Available data
- - - -

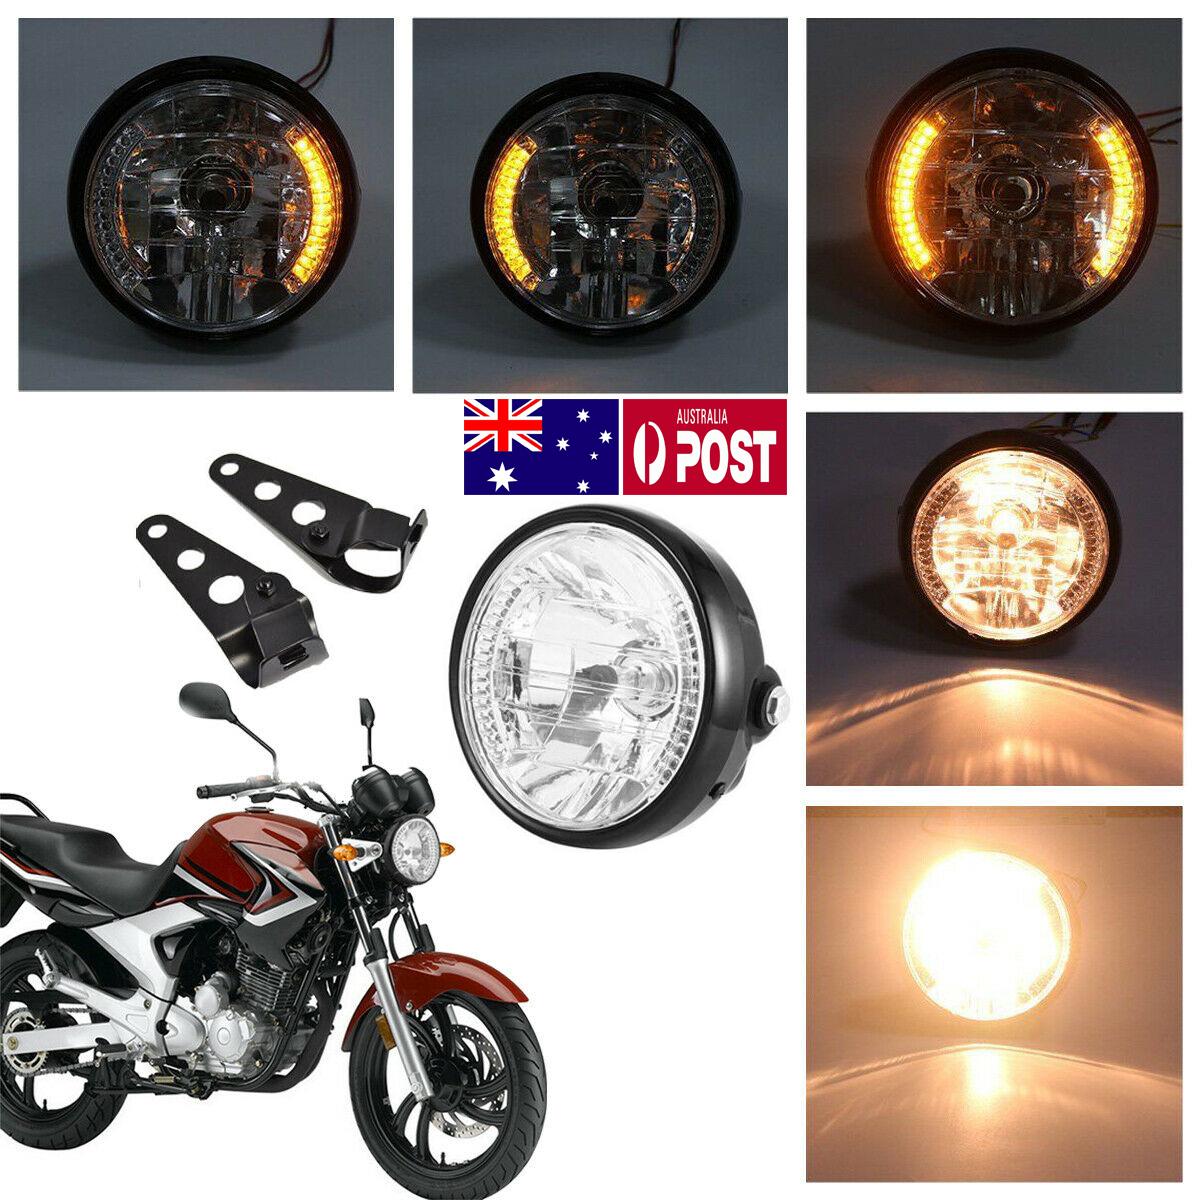 7 Round Universal Headlight 12V H4 35W Yellow Turn Signal Headlight with Bracket Motorcycle Headlight
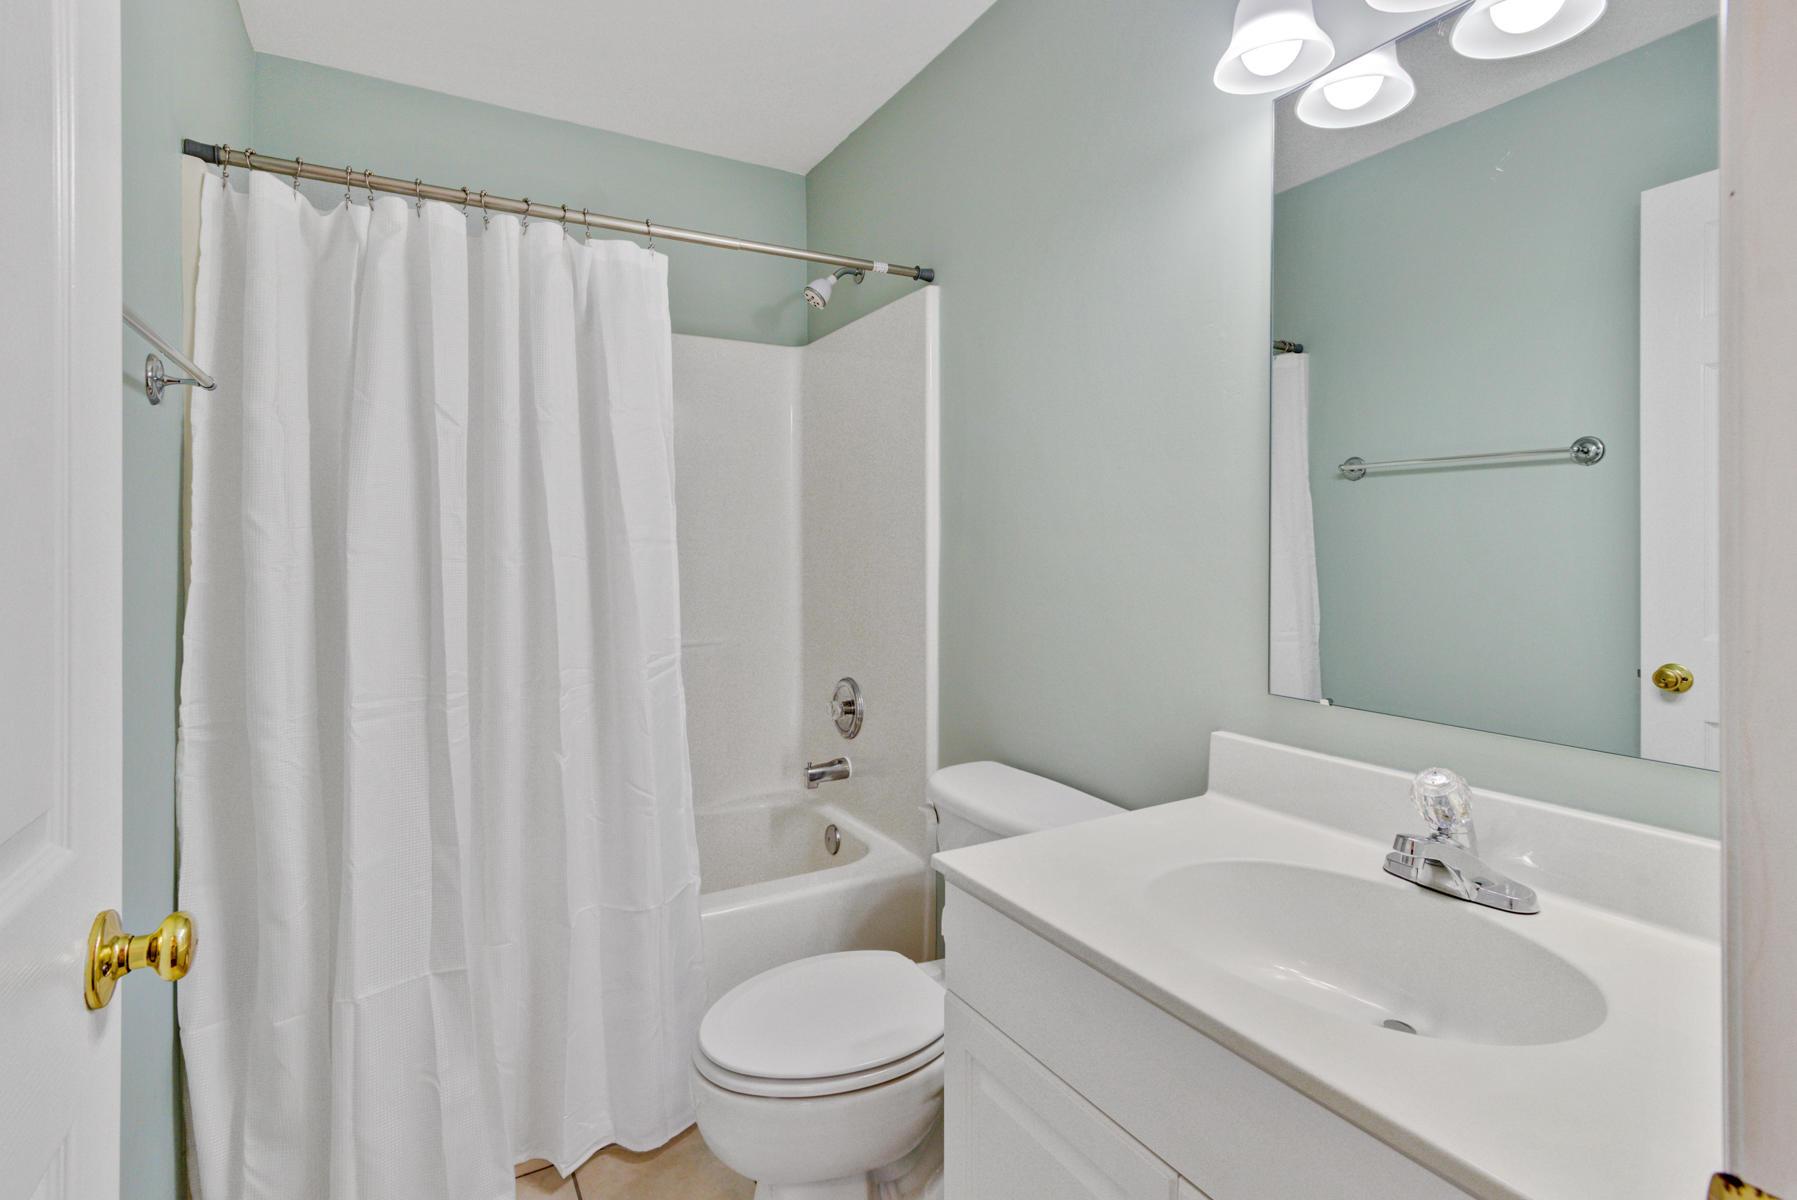 Park West Homes For Sale - 3444 Wellesley, Mount Pleasant, SC - 13
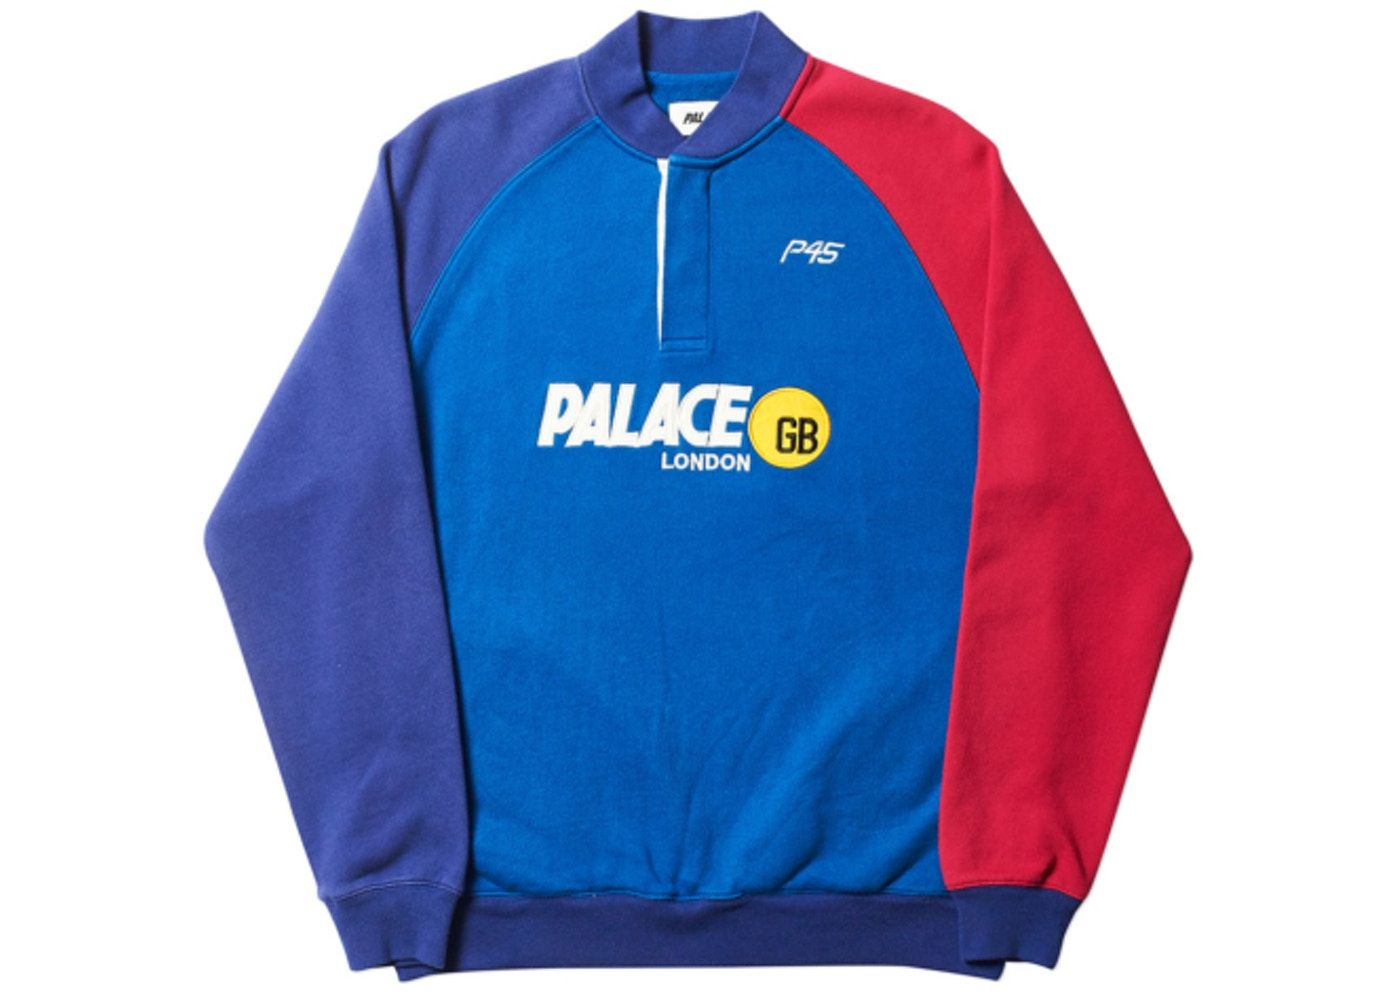 143d50d6 Palace P45-GB Sweat Blue | Color | Palace, Blue, Adidas jacket
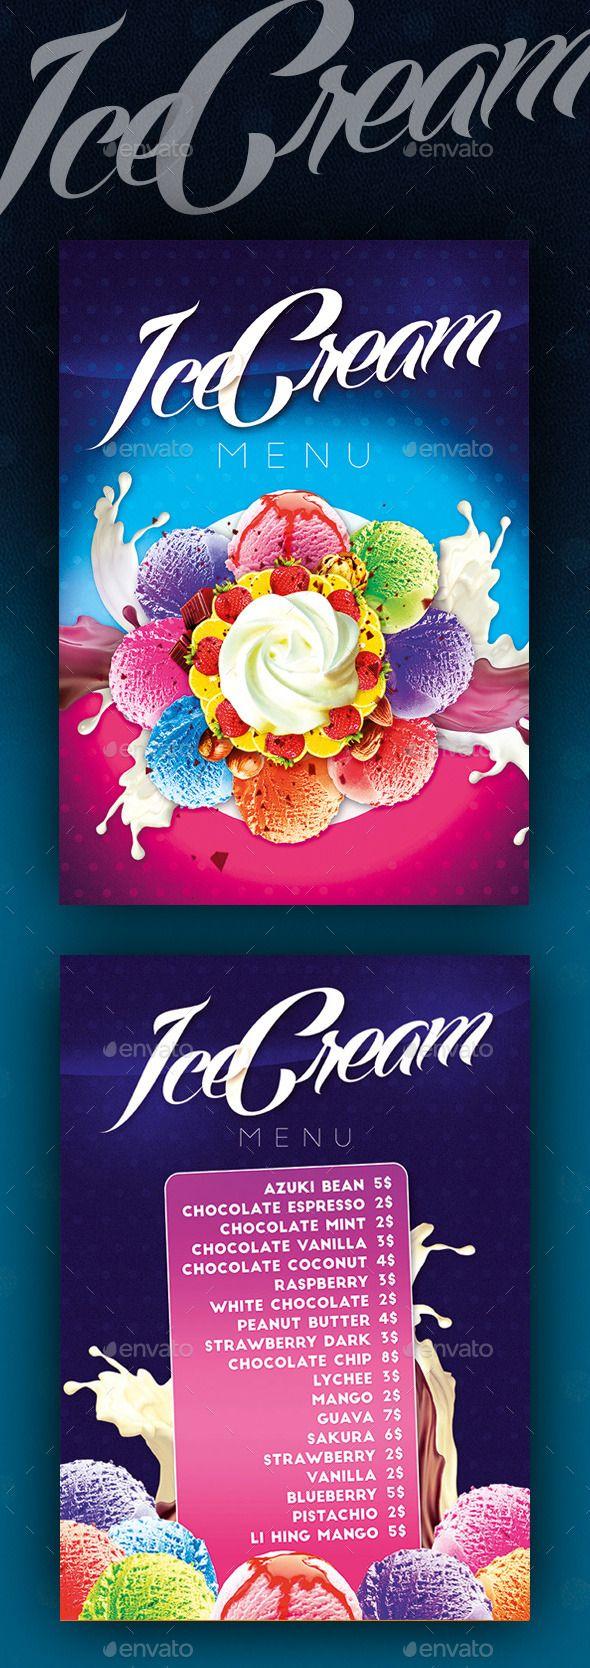 Ice Cream Menu II | Ice cream menu, Menu templates and Print templates

- - - -

Task item
What is needed is the data above, retyped exactly, with every picture left out.

Output of the exercise
 7 Round Universal Headlight 12V H4 35W Yellow Turn Signal Headlight with Bracket Motorcycle Headlight
 Park West Homes For Sale - 3444 Wellesley, Mount Pleasant, SC - 13
 143d50d6 Palace P45-GB Sweat Blue | Color | Palace, Blue, Adidas jacket
 Ice Cream Menu II | Ice cream menu, Menu templates and Print templates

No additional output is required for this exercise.